Texas’s decision to no longer challenge the granting of deferred action and to focus only on “the Executive’s affirmative granting of lawful presence and work authorization” doesn’t just doom its lawsuit on the merits. It also pulls the rug out from under the state’s already attenuated claim that it has suffered an “injury-in-fact” required to bring the case in the first place.

The court below held that the only reason Texas has legal standing to bring this suit in federal court is its claim that issuing driver’s licenses to DAPA and expanded DACA beneficiaries would cost the state “several million dollars.” Ignore for a moment the ample and uncontested evidence that the economic benefits to the state actually would far outweigh those costs. It is Texas law that requires driver’s license applicants to present documentation demonstrating that the applicant is authorized to be in the United States, and it is Texas’s choice to accept a grant of deferred action as sufficient proof of that lawful presence.

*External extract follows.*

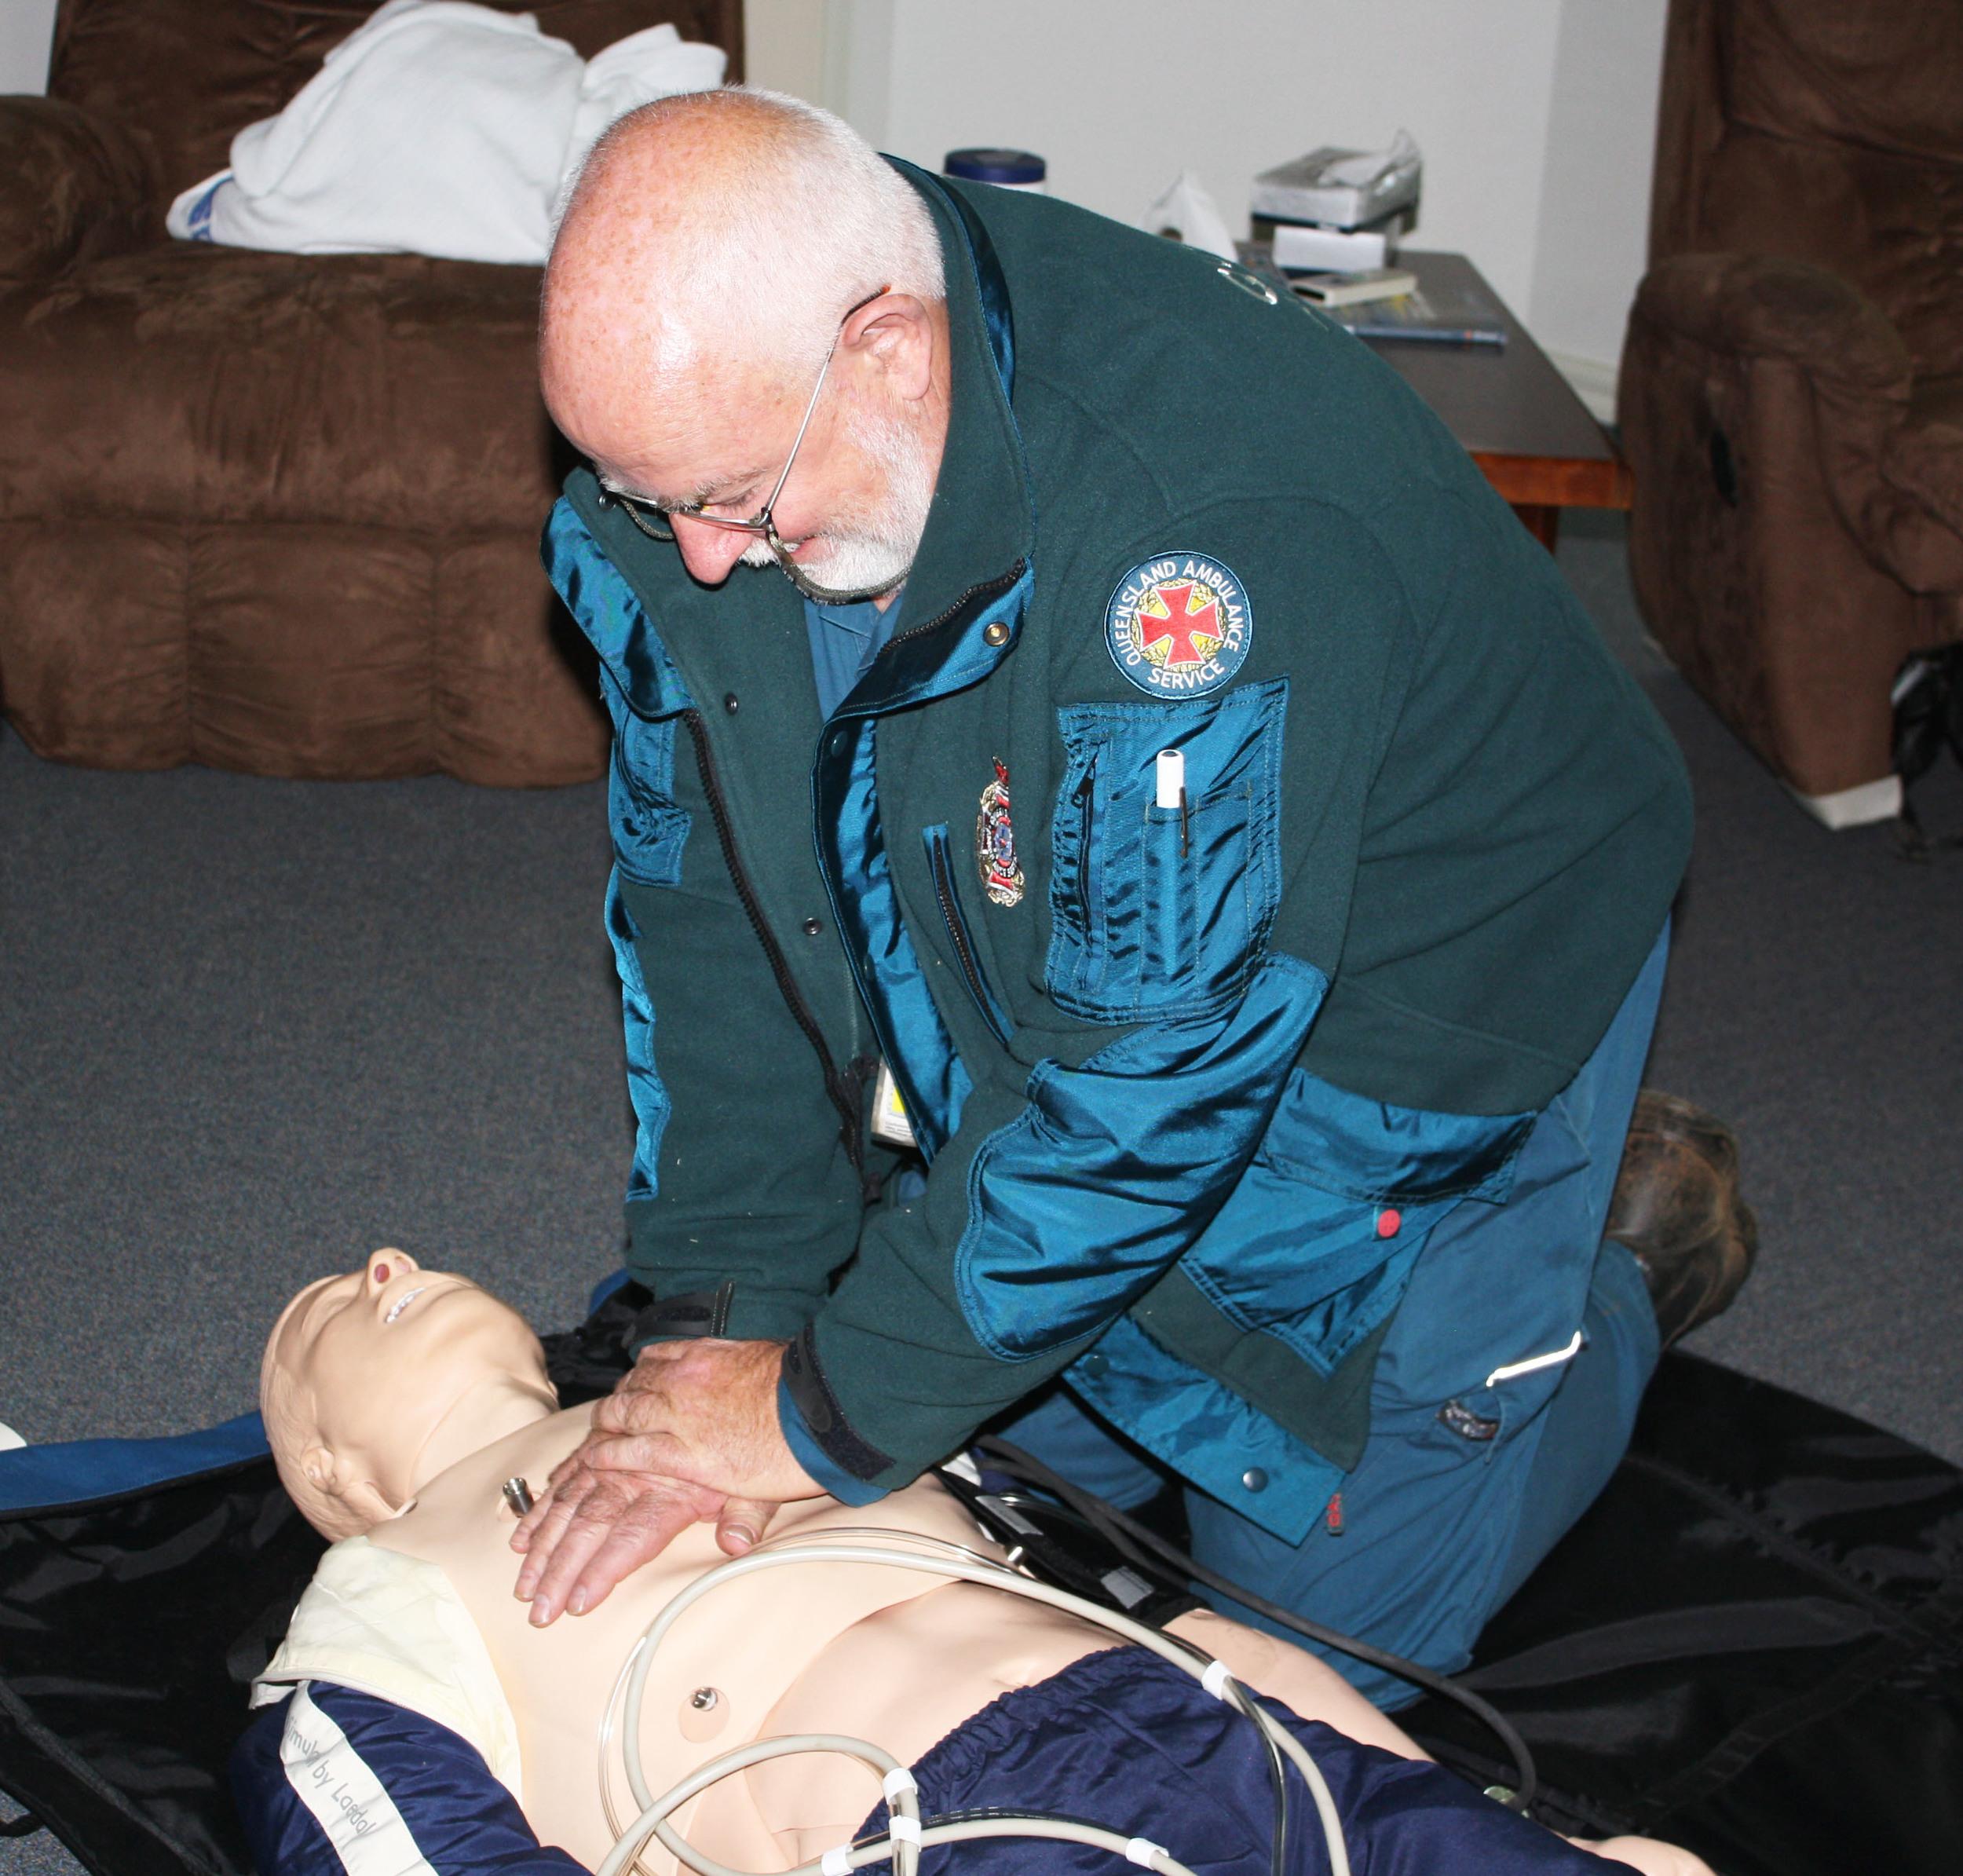 Steve-does-CPR-on-the-manikin-pc.jpg

But work authorization and lawful presence for purposes of federal immigration law — the only things Texas is now challenging in this case — are completely immaterial to the state’s alleged injuries. So even if the state had the standing to challenge the deferred action policies themselves, they have already conceded that DHS acted lawfully in adopting those policies, and they have presented no basis whatsoever upon which a court could find that they have standing to challenge anything else in the case. This eliminates any doubt that this is a policy dispute masquerading as a lawsuit, and should be thrown out of court.

It’s not always true that the final briefs filed in a case really help to resolve the remaining issues. But in just a few lines, Texas abandoned the already-flawed legal basis for its challenge to these immigration policies. If this case is decided on the law, it shouldn’t even be close.